Recently, the applications of visual attention in computer vision have become popular, which include object detection, recognition, segmentation, and tracking. Visual saliency is the perceptual quality that makes an object, a person, and pixel stand out in relation to its neighbours and thus, capture our attention. Saliency estimation methods can be classified into the following three different types: biologically based, computational, or a combination of these two methods. Generally, most of the recent methods convey low features such as intensity, color, or orientation in order to determine the contrast of image regions. In the first category, Itti et al. [1] and Koch and Ullman [2] proposed their method based on biologically plausible architecture by creating centre-surround contrast by using a Different of Gaussian (DoG) approach. Some of the methods that are based only on pure computational models [3,4] estimate saliency by using centresurround feature distances. The third category of approaches incorporate biological models into computational ones [5], create feature maps with Itti’s method but perform the normalization using a graph based method. In this paper, we implement our computational model to extract the location, size, and shape of objects from images.
Attention object detection is attracting the ever-increasing efforts, yet it is still a challenging task, especially for natural images. In natural images, it is very difficult to find the object of attention due to the small objects and complicated background. Moreover, the gap between machine learning and human perception makes the task even harder. The existing methods of the natural image segmentation include minimizing the active contour, edge flow, MRF, kernel density estimation, spline regression, and GMM. Among these methods, GMM is more robust than other methods, due to its region-based essence. In order to implement GMM, the EM algorithm [6, 11] and some other co-training algorithms were applied to find the optimal parameters.
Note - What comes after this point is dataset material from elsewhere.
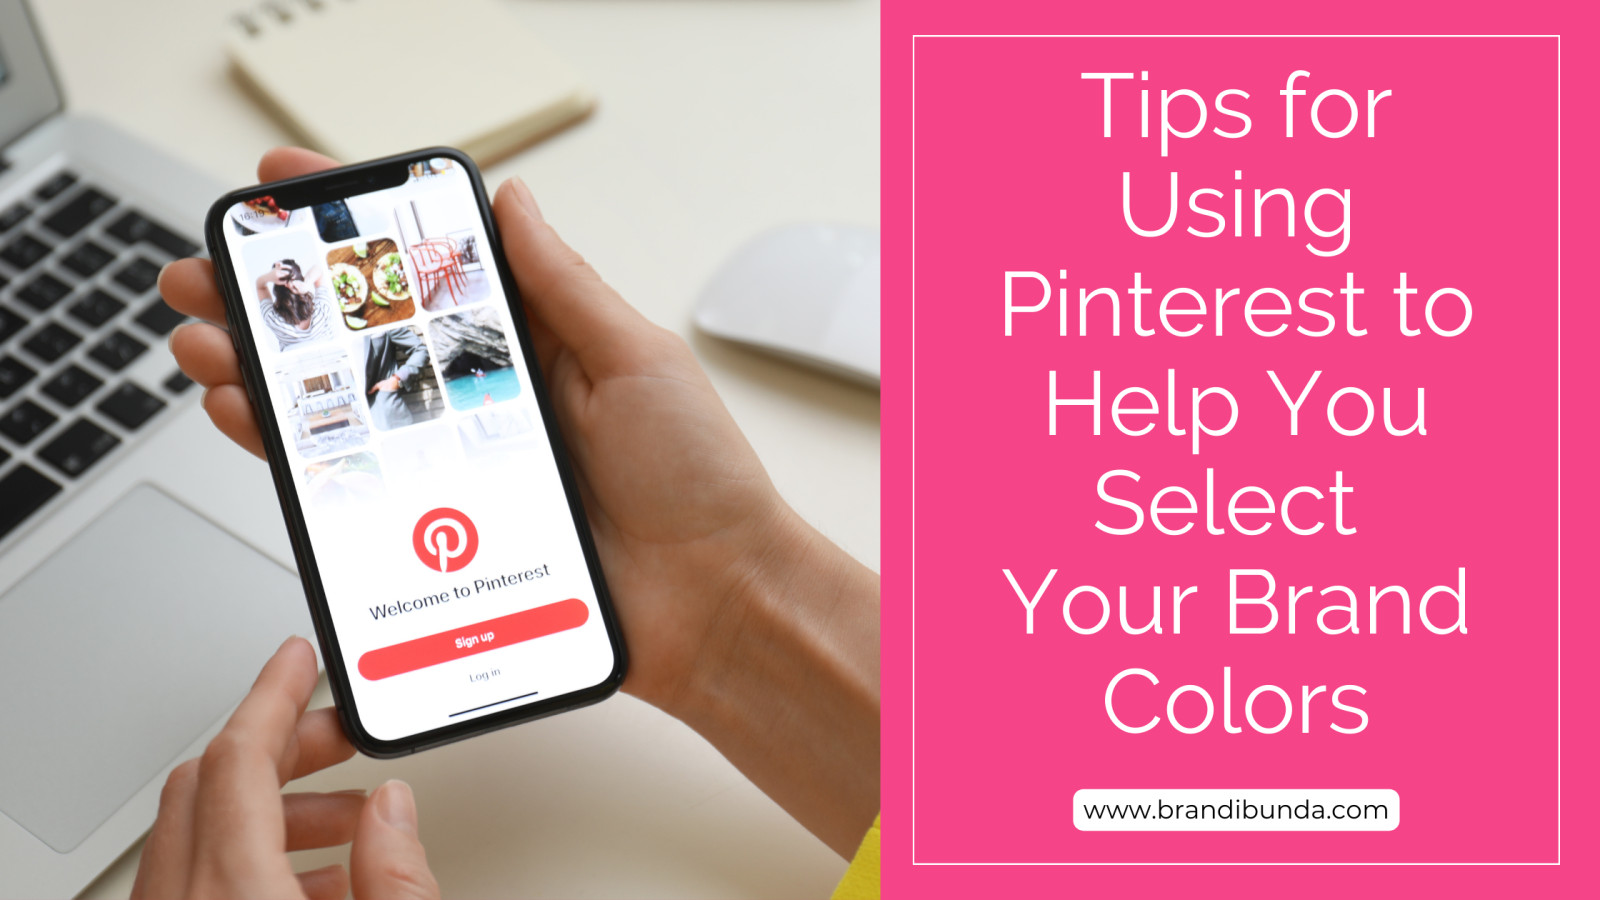 Tips for Using Pinterest to Help You Select Your Brand Colors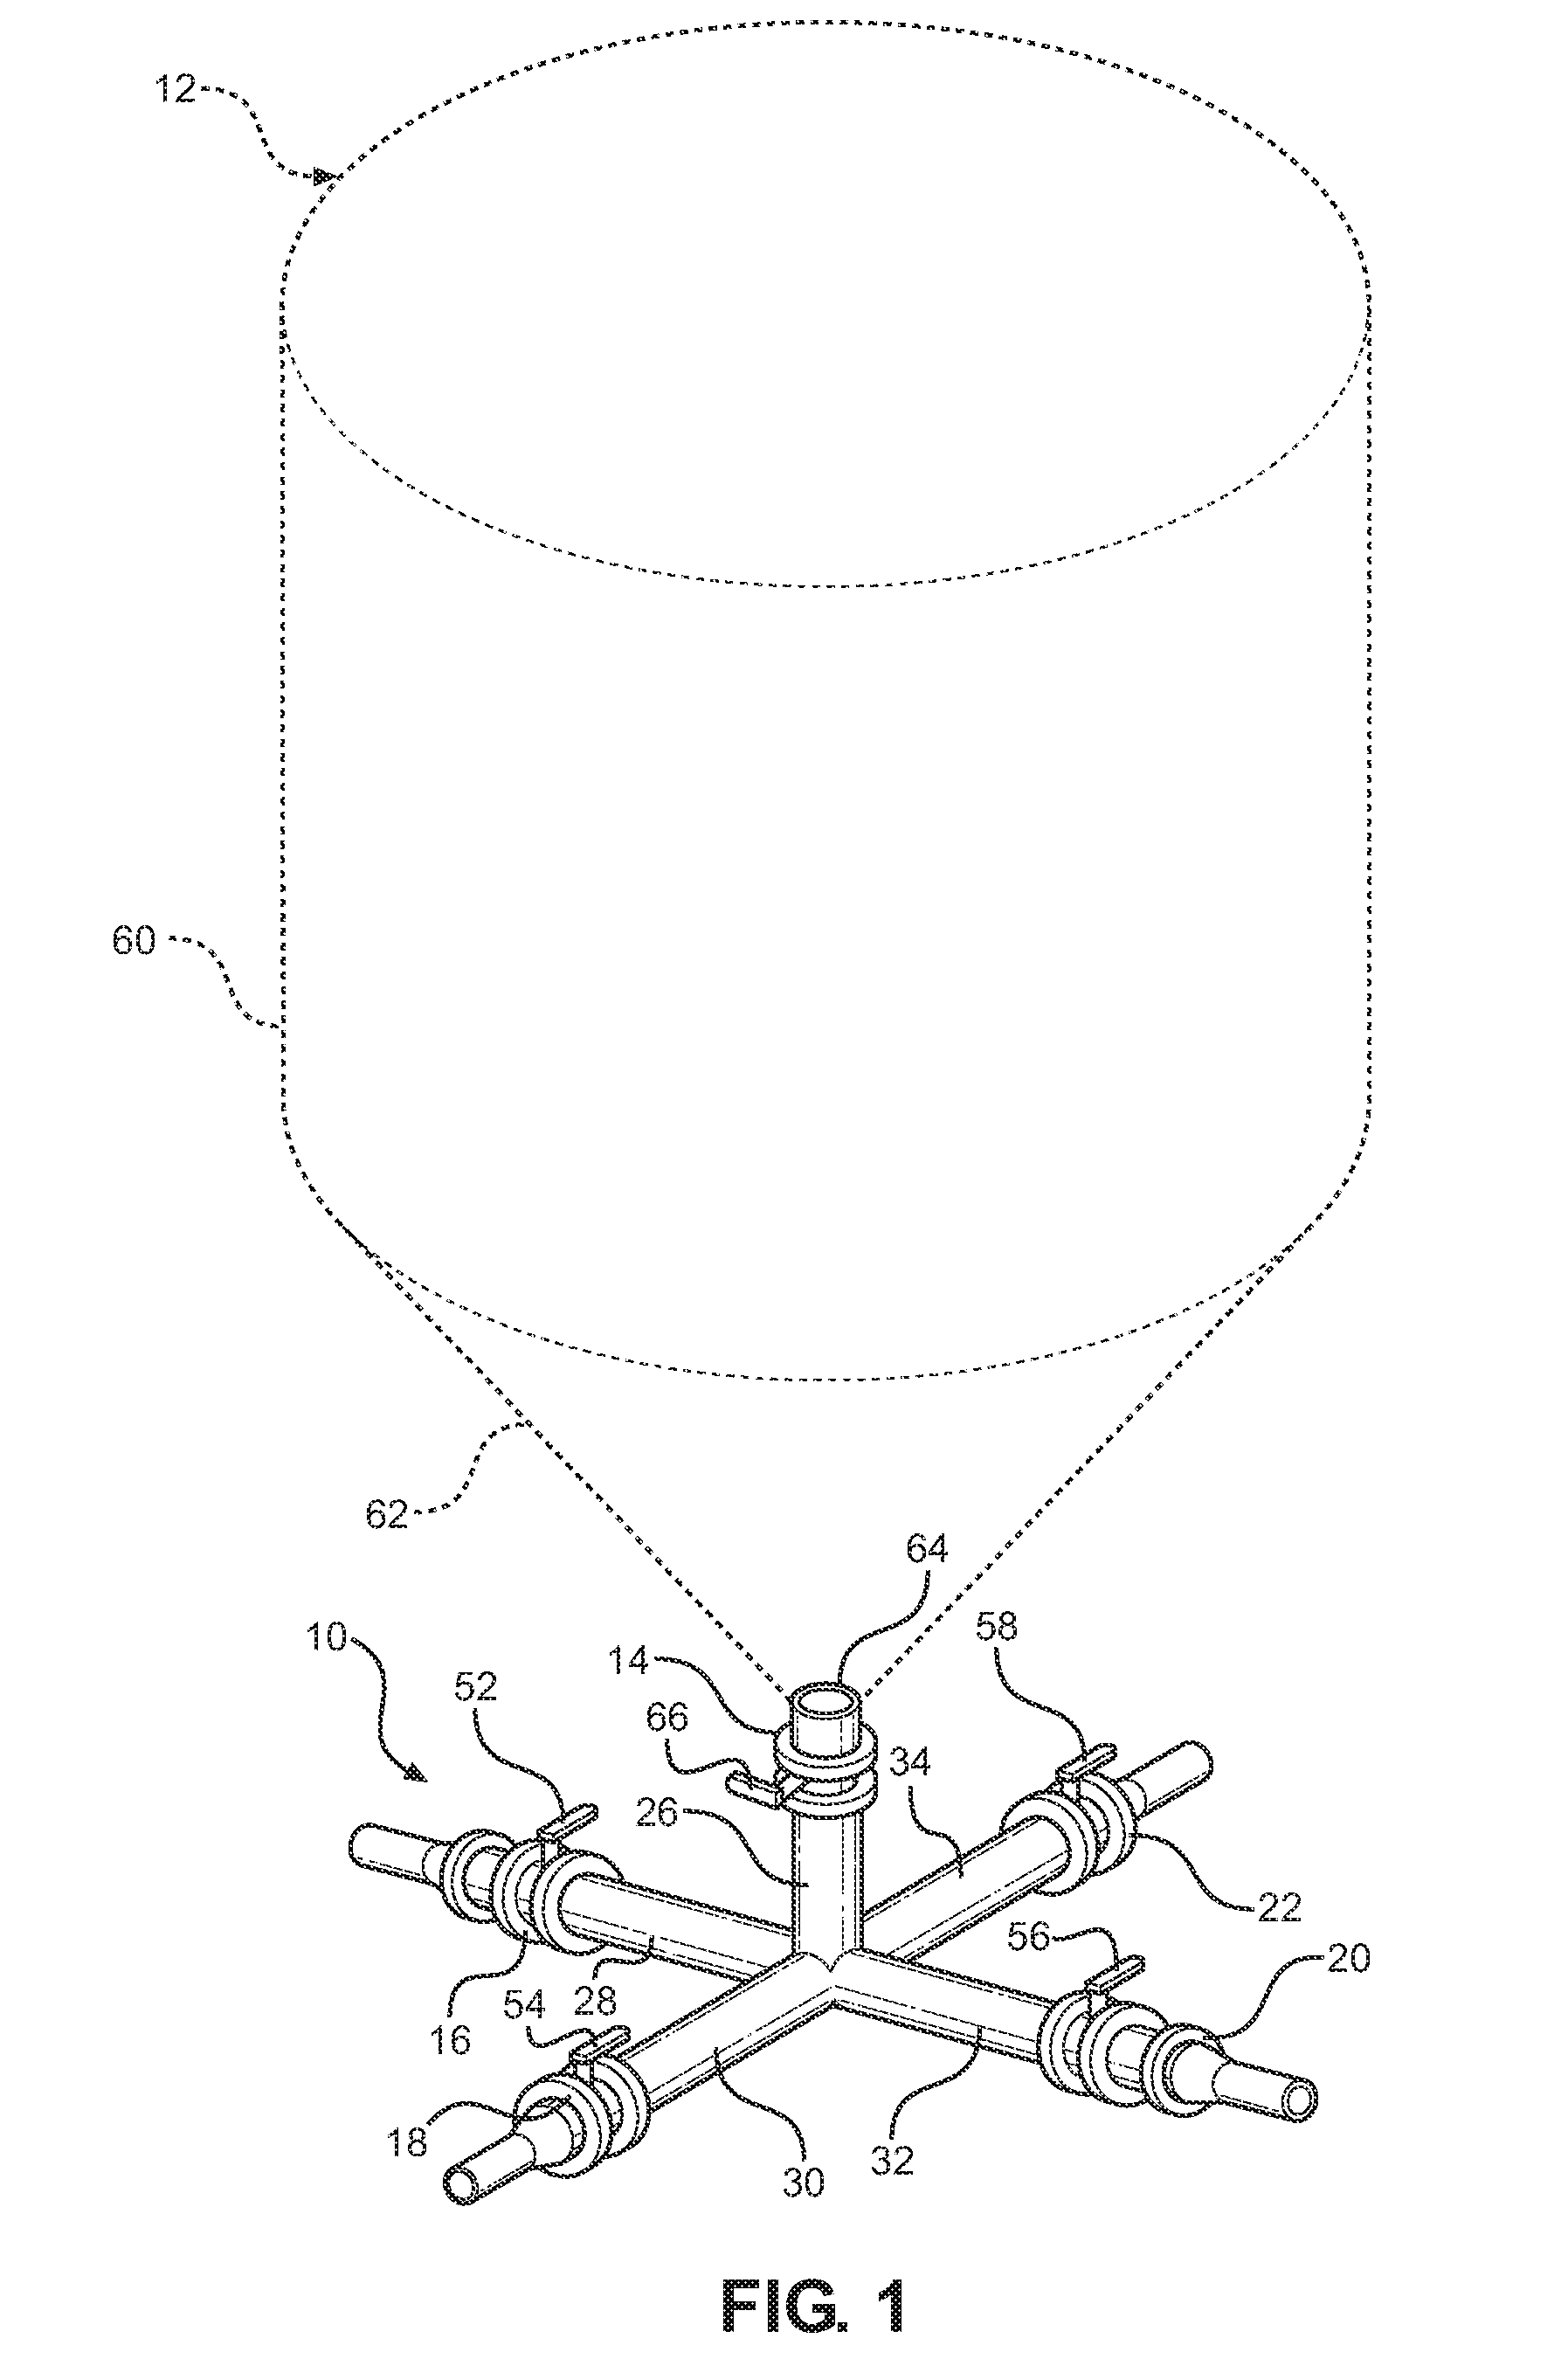 Device and Method for Multi-Path Flow From Vertical Hydraulic Tank

These algorithms significantly improved the segmentation accuracy. Our previous research on the Co-EM strategy for natural image segmentation demonstrated promising segmentation results. However, it is still difficult to do small object segmentation due to two reasons. First, the objects of attention are very small and might be identified as part of the background. Second, the objects of attention might be easily distorted by the color and texture of the surroundings. Therefore, the objects become too insignificant to be extracted.
A small object is defined as the object, which occupies less than 20% of the input image. In this paper, we introduce visual attention to segment the small objects of attention. If the object is big enough, it will be possible to segment the object directly using traditional segmentation approaches. On the other hand, if the object is very big, visual attention may focus on the details of the object. In this paper, we first applied a visual attention analysis that is based on local features to locate the rough region that contains the object of attention, which can help to reduce the search region, avoid the effect of the background, and accurately find the attention object candidates. Secondly, we utilized the Gaussian Mixture Model [6] to segment objects of attention from the rough region.
This paper is organized as follows: the proposed method is introduced in Section 2. The experimental results and comparison to existing methods are mentioned in Section 3. Finally, we give the conclusions about our method and future works in Section 4.
2. PROPOSED APPROACH
Our proposed method consists of the following two parts: visual attention detection and GMM based segmentation, as shown in Fig.1. The proposed visual attention detection method is based on our novel saliency detection method. In Section 2.1, we will show that our saliency model significantly outperforms several of the state-of-art methods. Our models are mainly based on the band-pass filtering that uses DoG to obtain the appropriate middle frequency of an image. Furthermore, we also make the assumption that a person will mainly concentrate on the center of the image and as such, that the saliency value of the pixels surround the center should be higher than others.
Fig.1.Framework of object segmentation
There are two contributions in our method: (1) we introduce an innovative visual attention method and (2) we combine GMM and our saliency method to successfully segment the small object.
2.1 Saliency Map Generation
In this section, we introduce a novel model for saliency object detection, which is used in the first step of our method. Recently, there are several approaches for visual saliency detection, yet problems still remain. The saliency maps that have been created from some previous methods [1,2, 3, 7, 8] have the problem of low resolution. Some methods generate maps with ill-defined boundaries [1, 2, 7], which render it useless for post application. Others fail to highlight the whole object [1, 8] or they highlight the smaller salient region instead of the larger one. These limitations have been successfully handled by the frequency-tuned model, which was proposed by Achanta et al. [4]. This method provides the following three criteria for highlighting a salient object: well-defined boundary, full resolution, and effective computation. This work exploits not only most of the low frequency content but also the high frequency content to obtain the saliency map. The method is based on band-pass filtering:
Where, σ2 defines the high frequency cut-off. In order to remove the noises that are contained in very high frequency we set σ2 as small. σ1 defines the low-frequency cut-off so we enlarged σ1 to infinity to take all of the low frequency to highlight the whole objects. Therefore, we can rewrite it as:
Where, S is the final saliency map, Iμ is the average of all the pixels in an image, and If is the blurred image, which is obtained by the small binomial Gaussian kernel. However, there are two limitations of this method: first, it fails to highlight the object when the number of pixels for the salient object are larger than half of the total number of pixels of an image; second, undesired salient regions are also highlighted when the background is complex or when illumination effects occur. Next, we propose using the maximum symmetric surround method to handle these problems by varying the bandwidth of the centre-surround filter. This means that the bandwidth of this filter is very large in the center of images and becomes smaller at the borders (Fig. 5). The proposed method efficiently remove the non-objects that surround the boundaries of images but that still highlight entire objects around their centers. It also efficiently handles salient objects, even better than [4] in the presence of the complex illumination.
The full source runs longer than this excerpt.